Кэте молча сжимала мою руку. Я склонился над ней и поцеловал ее.
— Фред, — сказала она тихо, — я наделала долгов.
— Это неважно, — ответил я, — я тоже делаю долги.
— Много?
— Да, много. Теперь мне уже никто не дает взаймы. Нет ничего более трудного, чем достать пятьдесят марок в городе с населением в триста тысяч человек. Меня пот прошибает, когда я об этом думаю.
— Но ведь ты даешь уроки.
— Да, — сказал я, — но я много курю.
— И опять пьешь?
— Да, хотя не так часто, дорогая. С тех пор, как я ушел от вас, я всего только два раза напился по-настоящему. Разве это много?
— Это немного, — сказала она, — я хорошо понимаю, почему ты пьешь. Но, может быть, ты все же попытаешься перестать? Это так бессмысленно! Во время войны ты почти не пил.

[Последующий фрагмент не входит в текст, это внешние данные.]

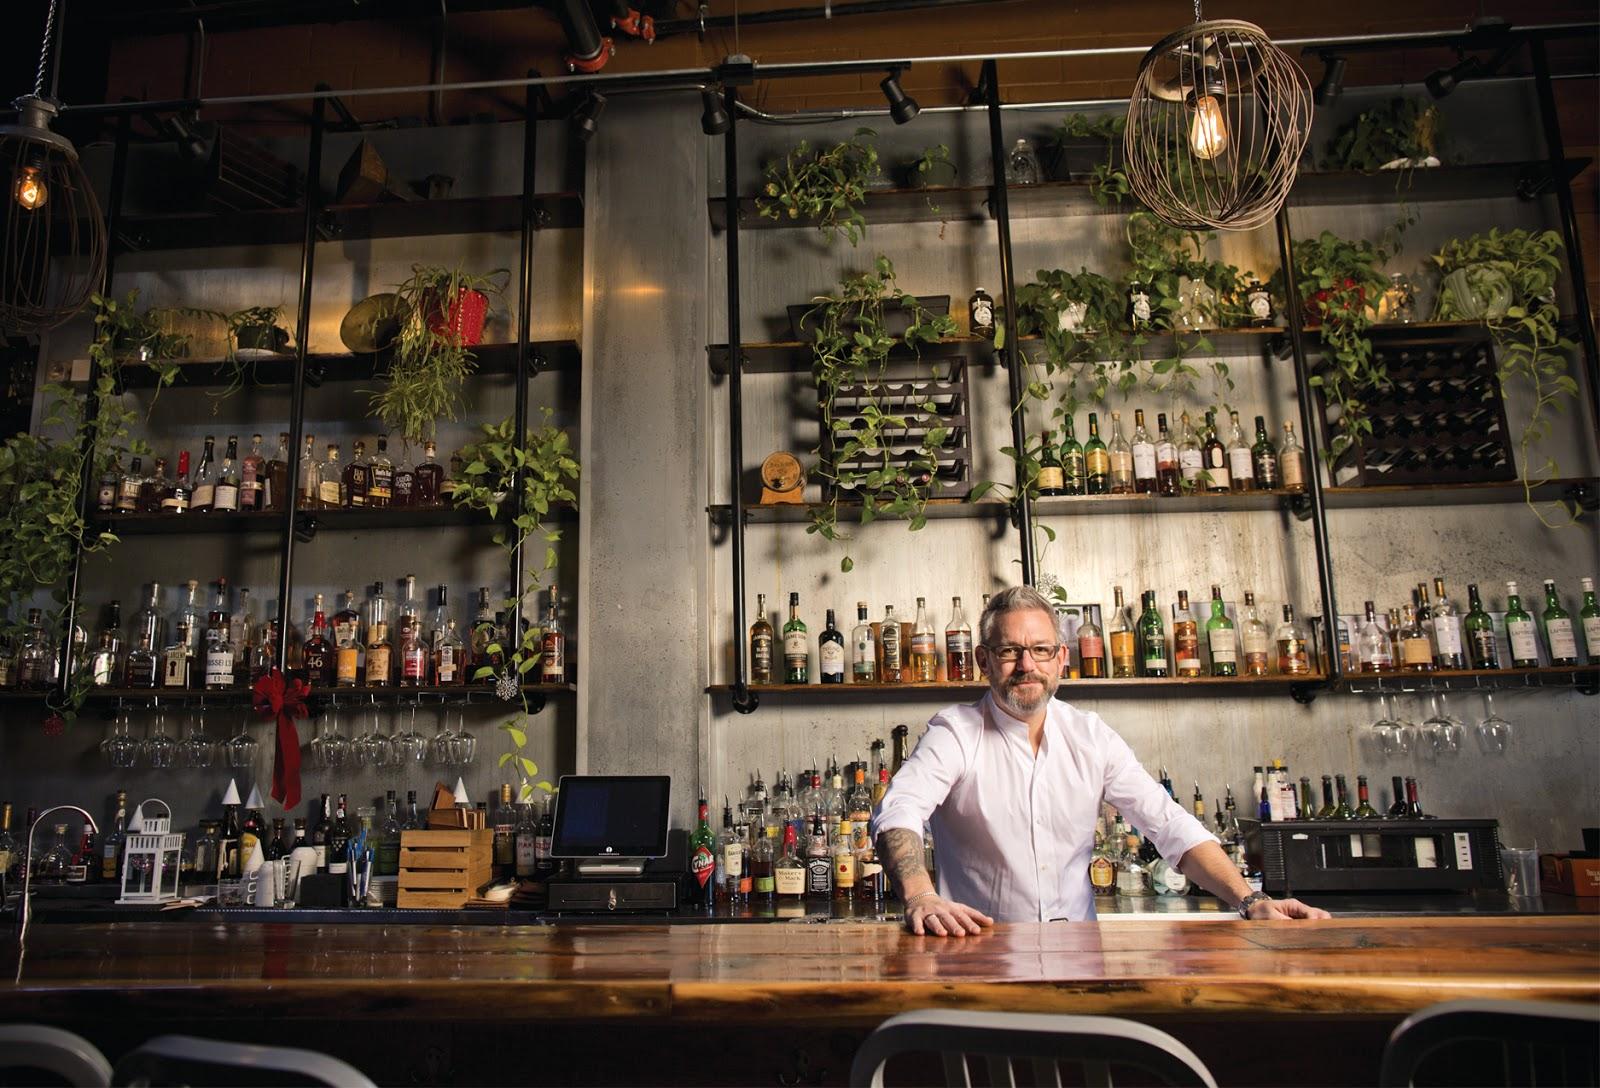 Neighbor Spotlight: The Story of a Midtown Village Wining & Dining ...

— Во время войны все было иначе, — сказал я, — во время войны я пьянел от скуки. Ты даже не представляешь себе, но можно опьянеть и от скуки: лежишь в кровати, и все кружится у тебя перед глазами. Попробуй выпей три ведра теплой воды — и ты опьянеешь от воды так же, как от скуки. Нельзя себе представить, какая это была скучная война! Иногда я думал о вас, если можно было звонил тебе, лишь бы услышать твой голос. Было очень горько слышать твой голос, но уж лучше горечь, чем опьянение от скуки.